Data are presented as number (percentage) of patients unless otherwise indicated.
Table 2. Clinical Outcomes of Intervention or Medical Management.
Characteristic | Group, No. (%) | P Value | |
---|---|---|---|
Direct Care | Purchased Care | ||
Medical Managementa | |||
Death | |||
30 d | 18 (0.3) | 10 (0.3) | .65 |
1 y | 165 (2.6) | 51 (1.7) | .009 |
2 y | 327 (5.2) | 82 (2.8) | <.001 |
Stroke | |||
30 d | 145 (2.3) | 271 (9.2) | <.001 |
1 y | 282 (4.5) | 353 (12) | <.001 |
2 y | 361 (5.7) | 393 (13.4) | <.001 |
Transient ischemic attack | |||
30 d | 252 (4) | 315 (10.7) | <.001 |
1 y | 450 (7.1) | 457 (15.5) | <.001 |
2 y | 565 (8.9) | 524 (17.8) | <.001 |
Acute myocardial infarction | |||
30 d | 79 (1.2) | 56 (1.9) | .01 |
1 y | 229 (3.6) | 117 (4) | .40 |
2 y | 348 (5.5) | 147 (5) | .32 |
Composite 1b | |||
30 d | 158 (2.5) | 277 (9.4) | <.001 |
1 y | 424 (6.7) | 393 (13.4) | <.001 |
2 y | 641 (10.1) | 457 (15.5) | <.001 |
Composite 2c | |||
30 d | 442 (7) | 538 (18.3) | <.001 |
1 y | 937 (14.8) | 758 (25.8) | <.001 |
2 y | 1277 (20.2) | 861 (29.3) | <.001 |
Procedured | |||
Death | |||
30 d | 2 (0.3) | 4 (0.6) | .40 |
1 y | 16 (2.4) | 14 (2.2) | .76 |
2 y | 25 (3.8) | 19 (2.9) | .40 |
Stroke | |||
30 d | 44 (6.7) | 72 (11.2) | .004 |
1 y | 68 (10.3) | 99 (15.3) | .006 |
2 y | 78 (11.8) | 112 (17.3) | .004 |
Transient ischemic attack | |||
30 d | 52 (7.9) | 73 (11.3) | .03 |
1 y | 80 (12.1) | 102 (15.8) | .053 |
2 y | 88 (13.3) | 119 (18.4) | .01 |
Acute myocardial infarction | |||
30 d | 17 (2.6) | 12 (1.9) | .38 |
1 y | 36 (5.4) | 23 (3.6) | .10 |
2 y | 50 (7.6) | 30 (4.6) | .03 |
Composite 1b | |||
30 d | 45 (6.8) | 74 (11.5) | .003 |
1 y | 78 (11.8) | 107 (16.6) | .01 |
2 y | 96 (14.5) | 124 (19.2) | .02 |
Composite 2c | |||
30 d | 94 (14.2) | 125 (19.4) | .01 |
1 y | 148 (22.4) | 181 (28.1) | .02 |
2 y | 176 (26.6) | 213 (33) | .01 |
Times reported as time from diagnosis. Direct care, n = 6329; purchased care, n = 2943.
Stroke or death.
Stroke, transient ischemic attack, myocardial infarction, or death.

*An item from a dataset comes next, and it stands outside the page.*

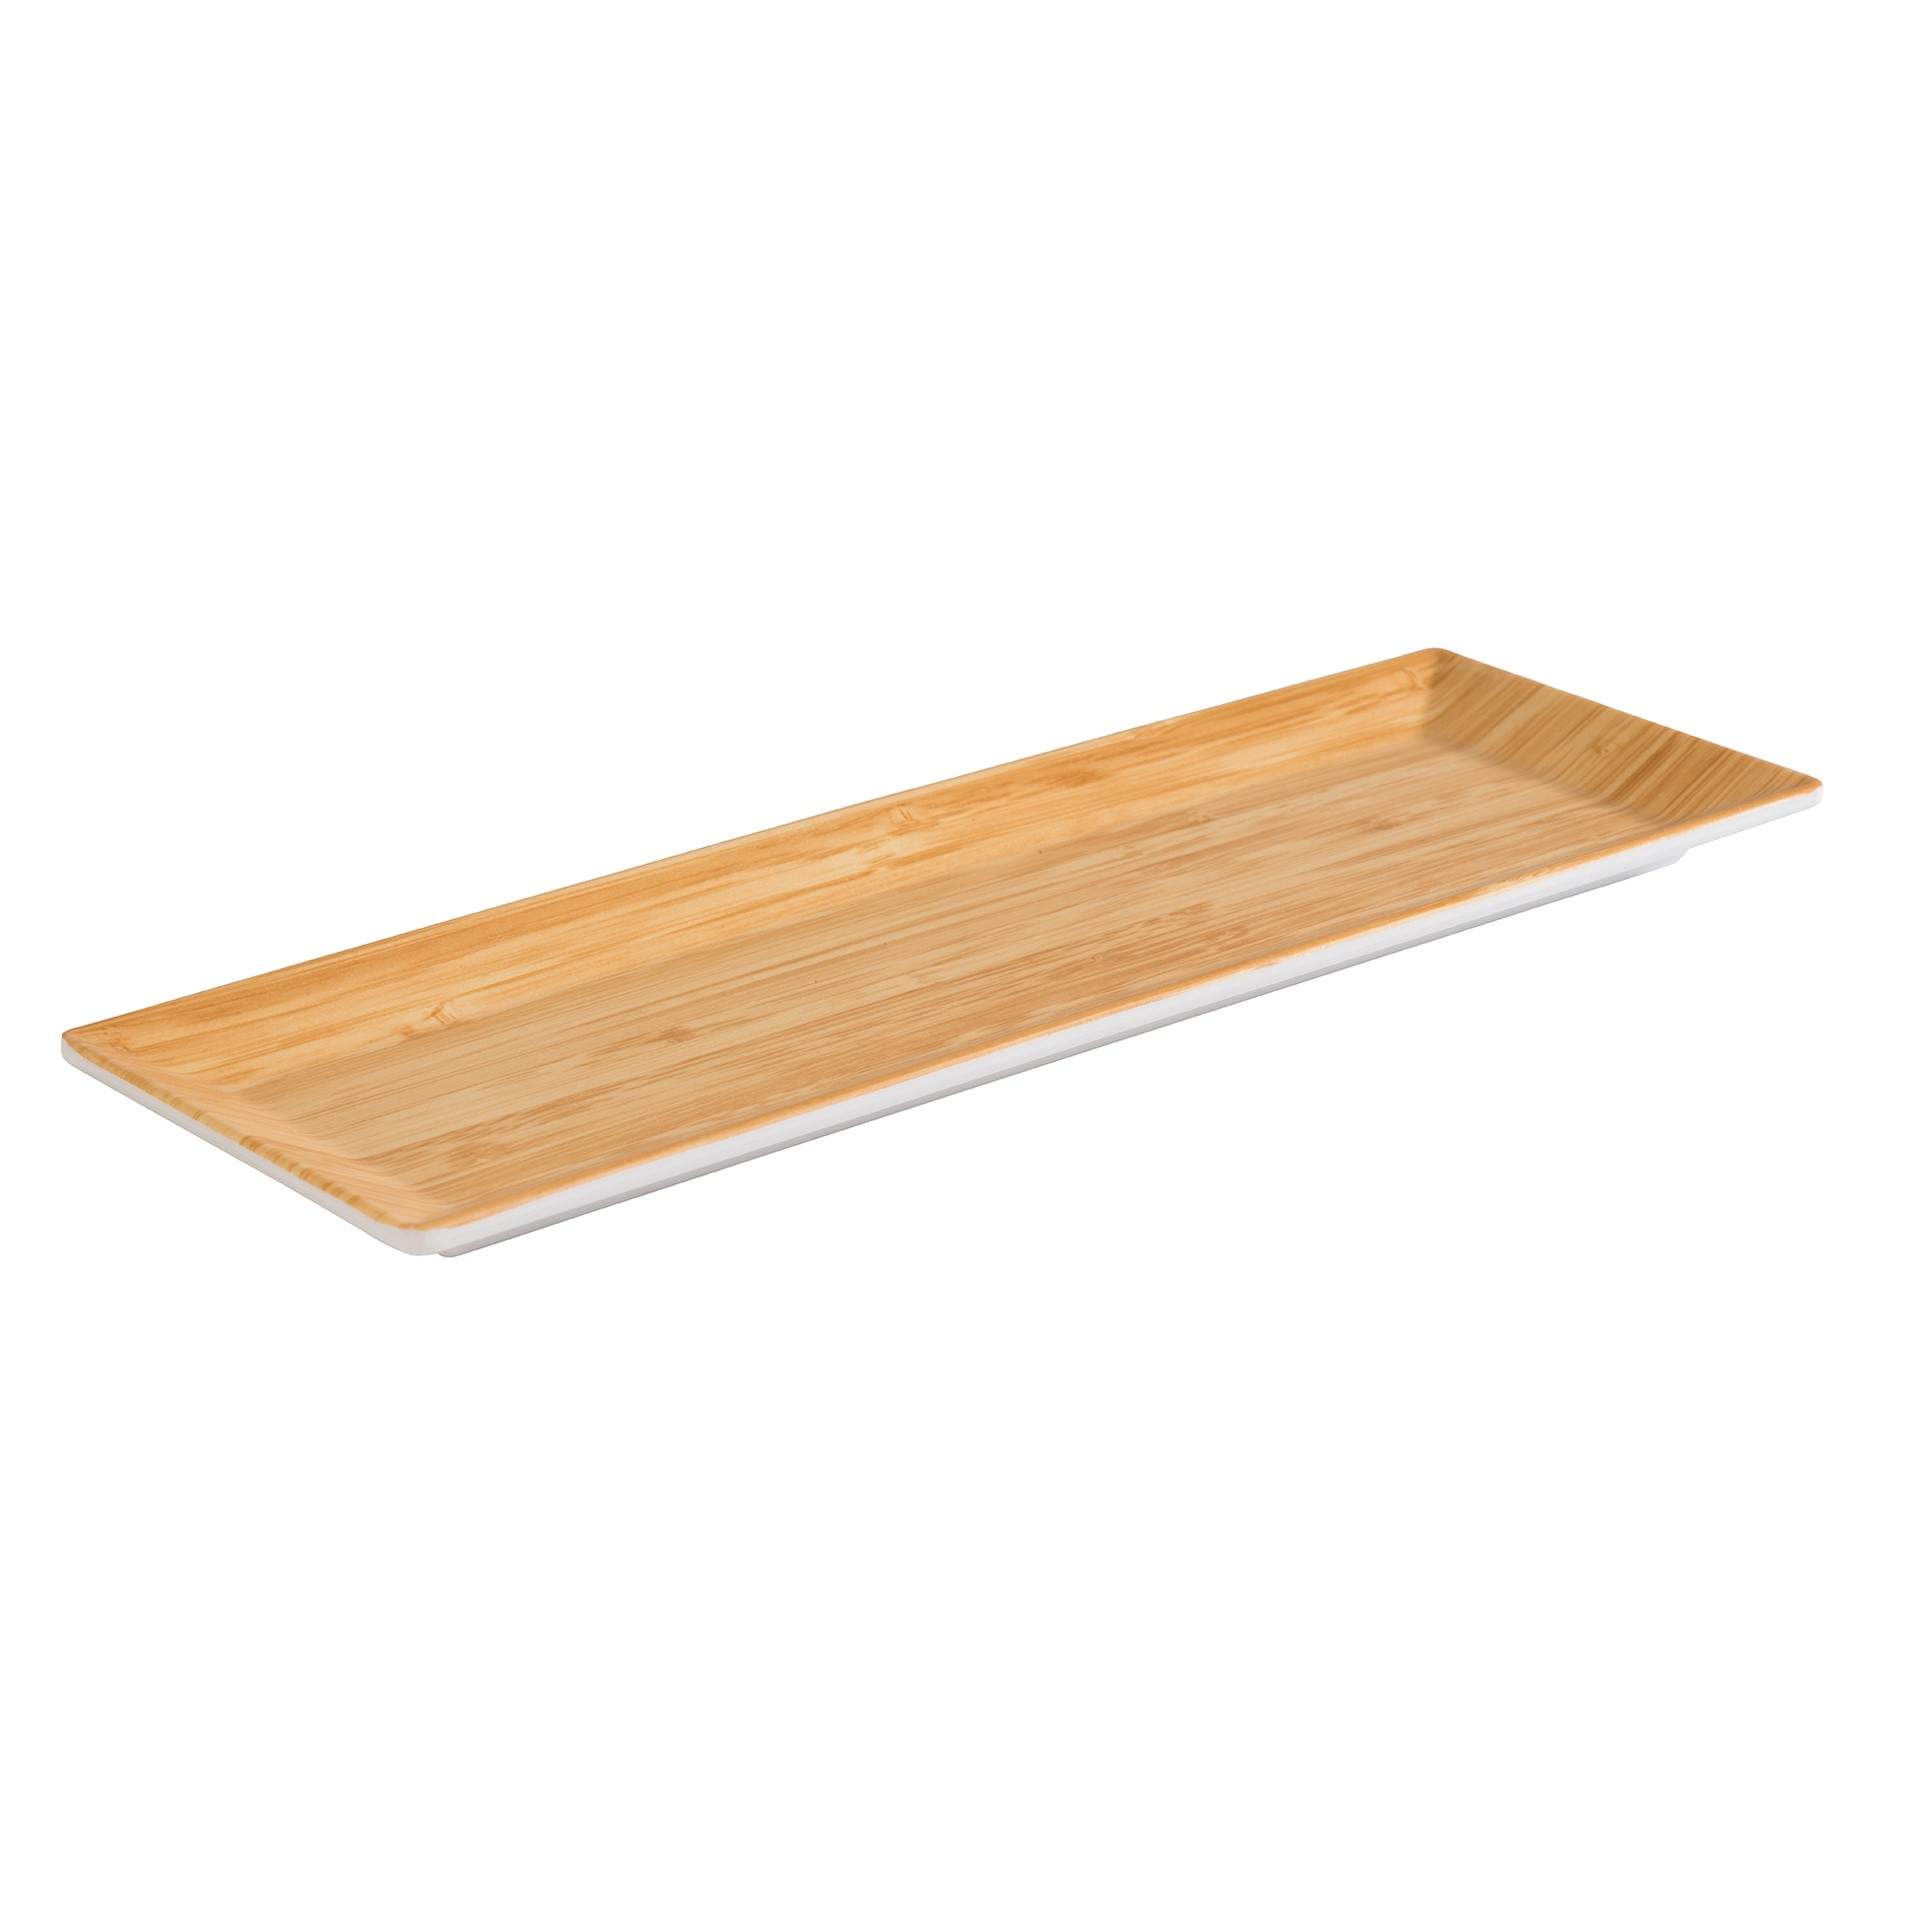 Tablett - Serie Bamboo - bambus / weiß - rechteckig - Abm. 31,0 x 10,5 x 2,0 cm - Melamin - 84805-B
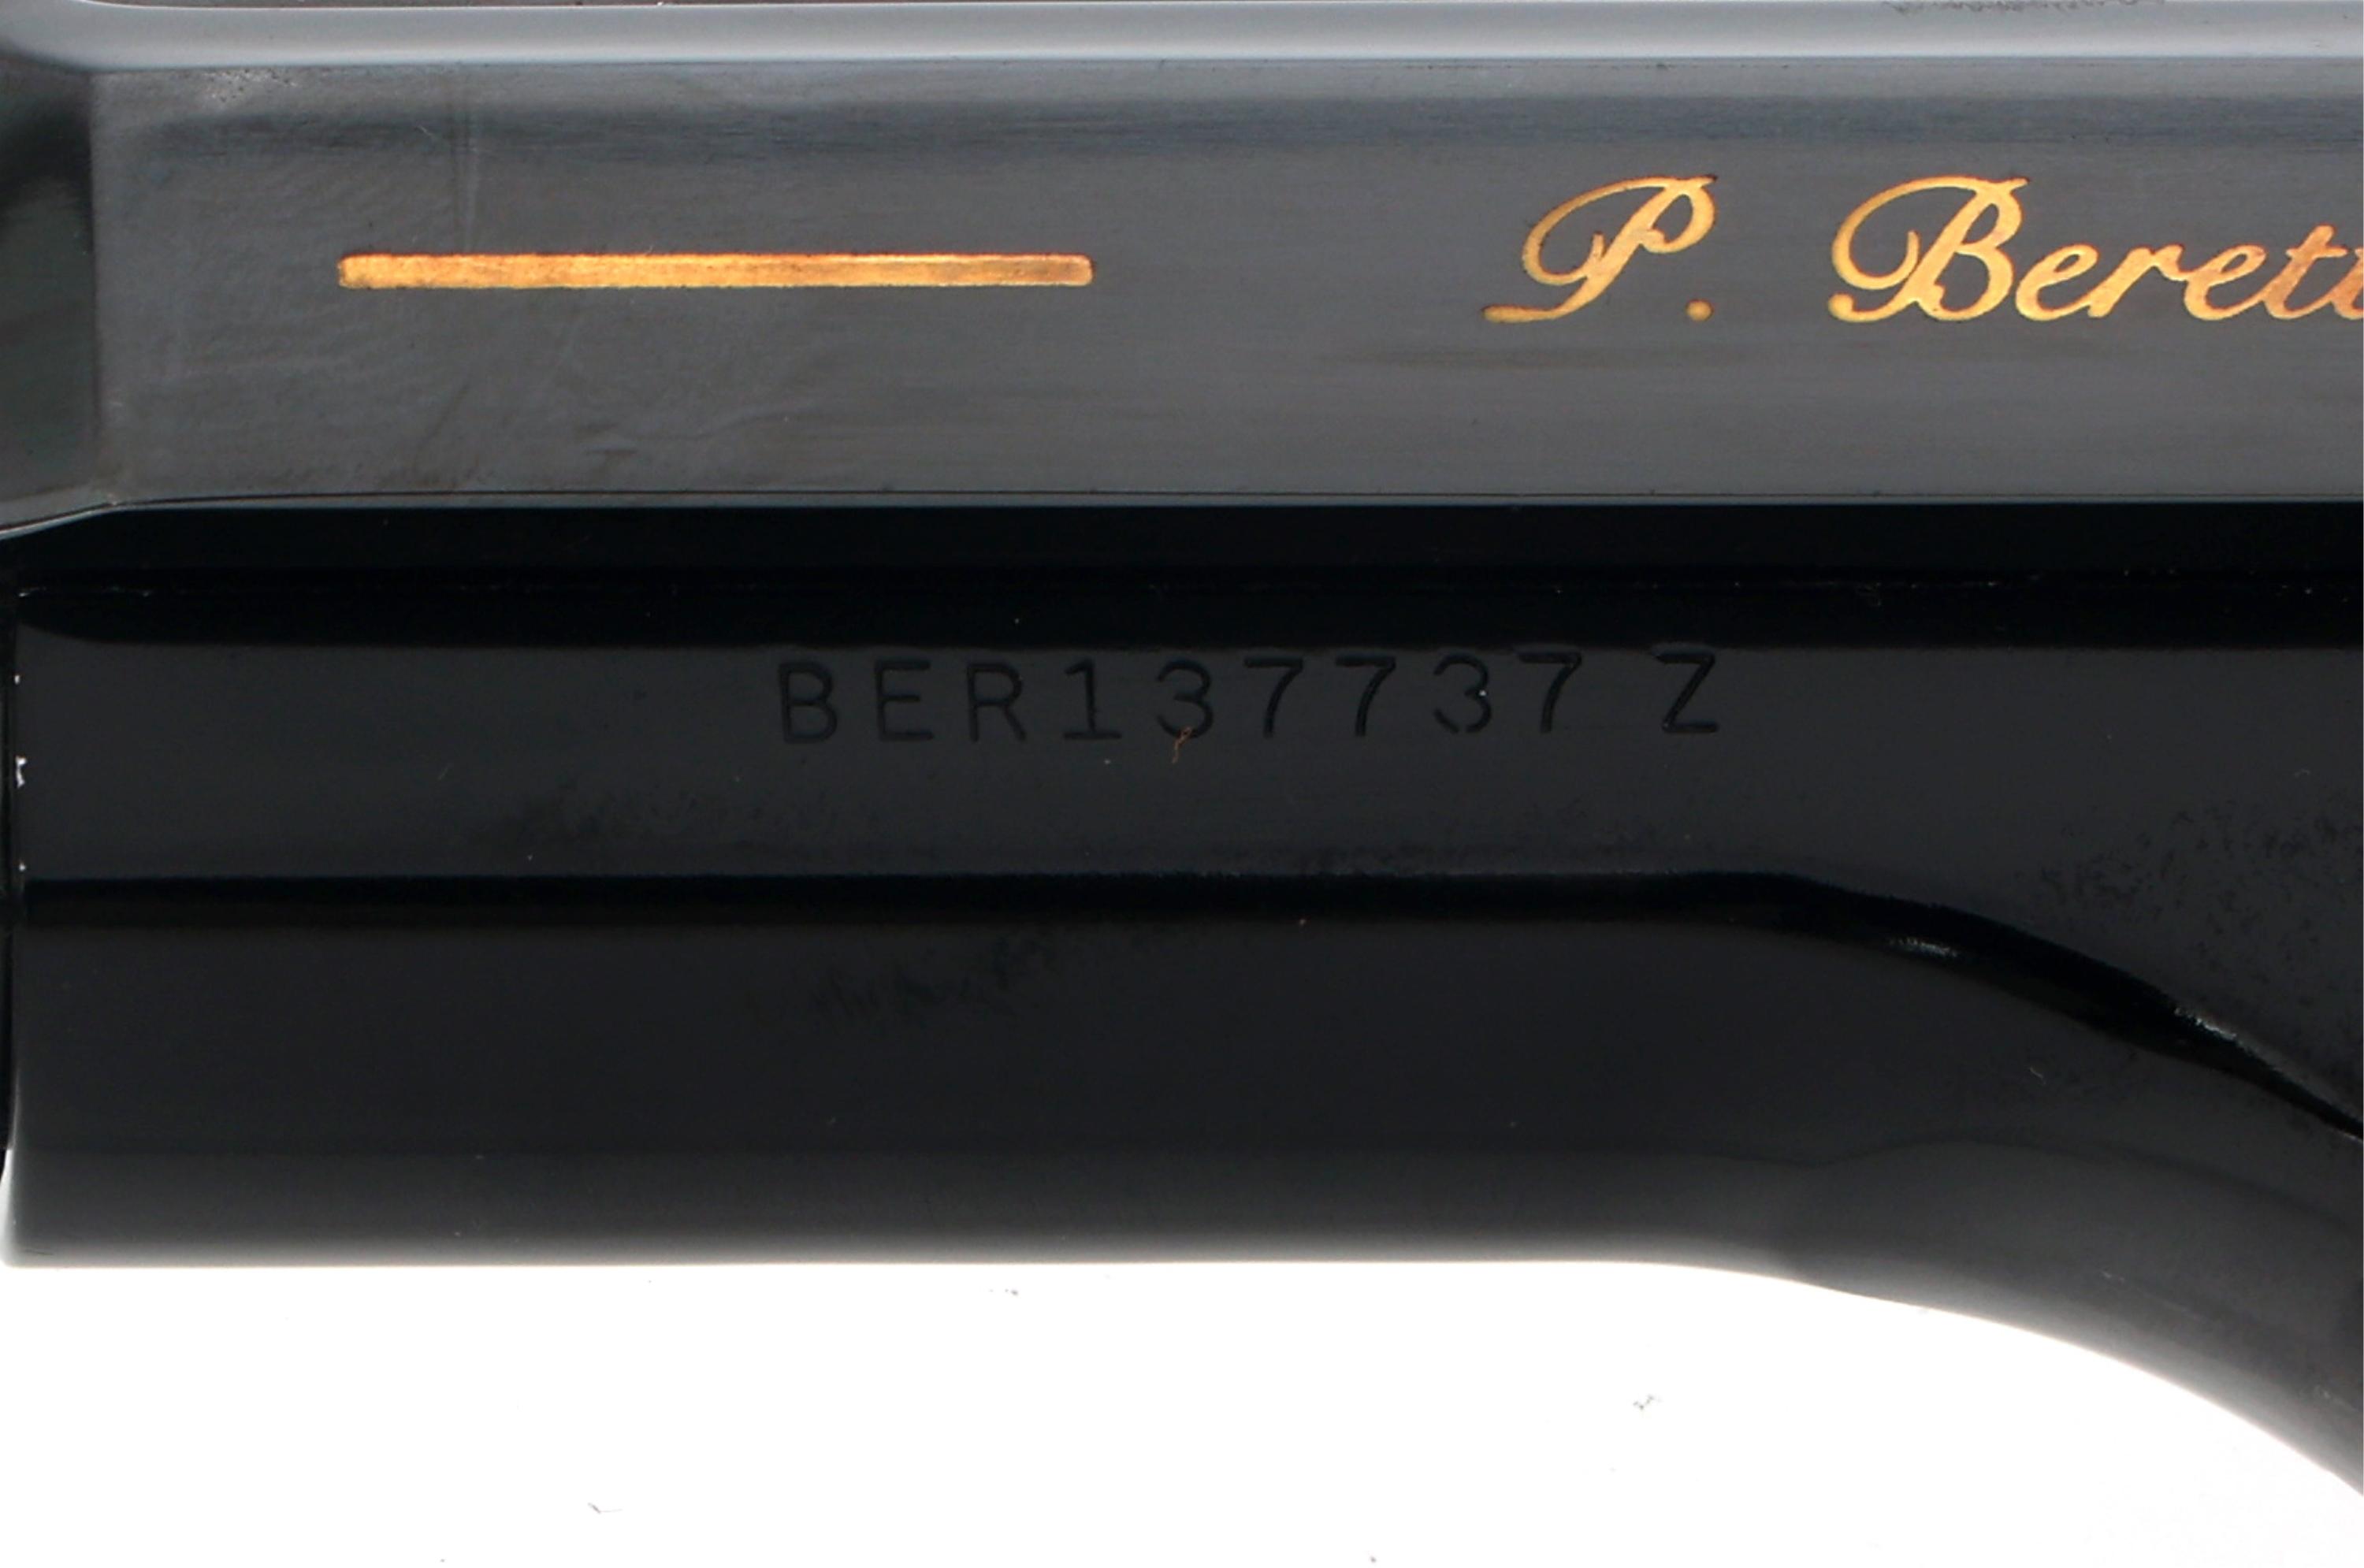 BERETTA MODEL 92FS LIMITED 9x19mm CALIBER PISTOL

Carotid endarterectomy or stenting; times reported as time from procedure. Direct care, n = 661; purchased care, n = 646.
For patients who underwent a procedure, there was no significant difference in death at 30 days (PC, 4 of 646 [0.6%]; DC, 2 of 661 [0.3%]; P = .40), 1 year (PC, 14 [2.2%]; DC, 16 [2.4%]; P = .76), and 2 years (PC, 19 [2.9%]; DC, 25 [3.8%]; P = .40). Stroke at 30 days (PC, 72 [11.2%]; DC, 44 [6.7%]; P = .004), 1 year (PC, 99 [15.3%]; DC, 68 [10.3%]; P = .006), and 2 years (PC, 112 [17.3%]; DC, 78 [11.8%]; P = .004) and transient ischemic attack at 30 days (PC, 73 [11.3%]; DC, 52 [7.9%]; P = .03) and 2 years (PC, 119 [18.4%]; DC, 88 [13.3%]; P = .01) were also each more common in the PC group; however, at 2 years, acute myocardial infarction was more common among the DC group (PC, 30 [4.6%]; DC, 50 [7.6%]; P = .03) (Table 2). Composite outcomes were more common among the PC group than the DC group at all time points (Table 2).
In multivariable analysis, patients in the PC system were more likely to receive an intervention for CS than were patients in the DC system (odds ratio [OR], 1.629; 95% CI, 1.285-2.063; P < .001) (Table 3). The odds of receiving an intervention were also higher among symptomatic patients than among asymptomatic patients (OR, 9.487; 95% CI, 7.611-11.824; P < .001). A higher HCC score was associated with lower odds of receiving an intervention (OR, 0.815; 95% CI, 0.730-0.910; P < .001). In subanalyses by symptomatic status, the effect of receiving care in the PC system on carotid intervention was higher in symptomatic patients (OR, 2.074; 95% CI, 1.302-3.303; P = .002) compared with asymptomatic patients (OR, 1.534; 95% CI, 1.186-1.984; P = .001) (Table 4).
Table 3. Multivariable Factors Associated With Receiving Carotid Procedure vs Medical Management.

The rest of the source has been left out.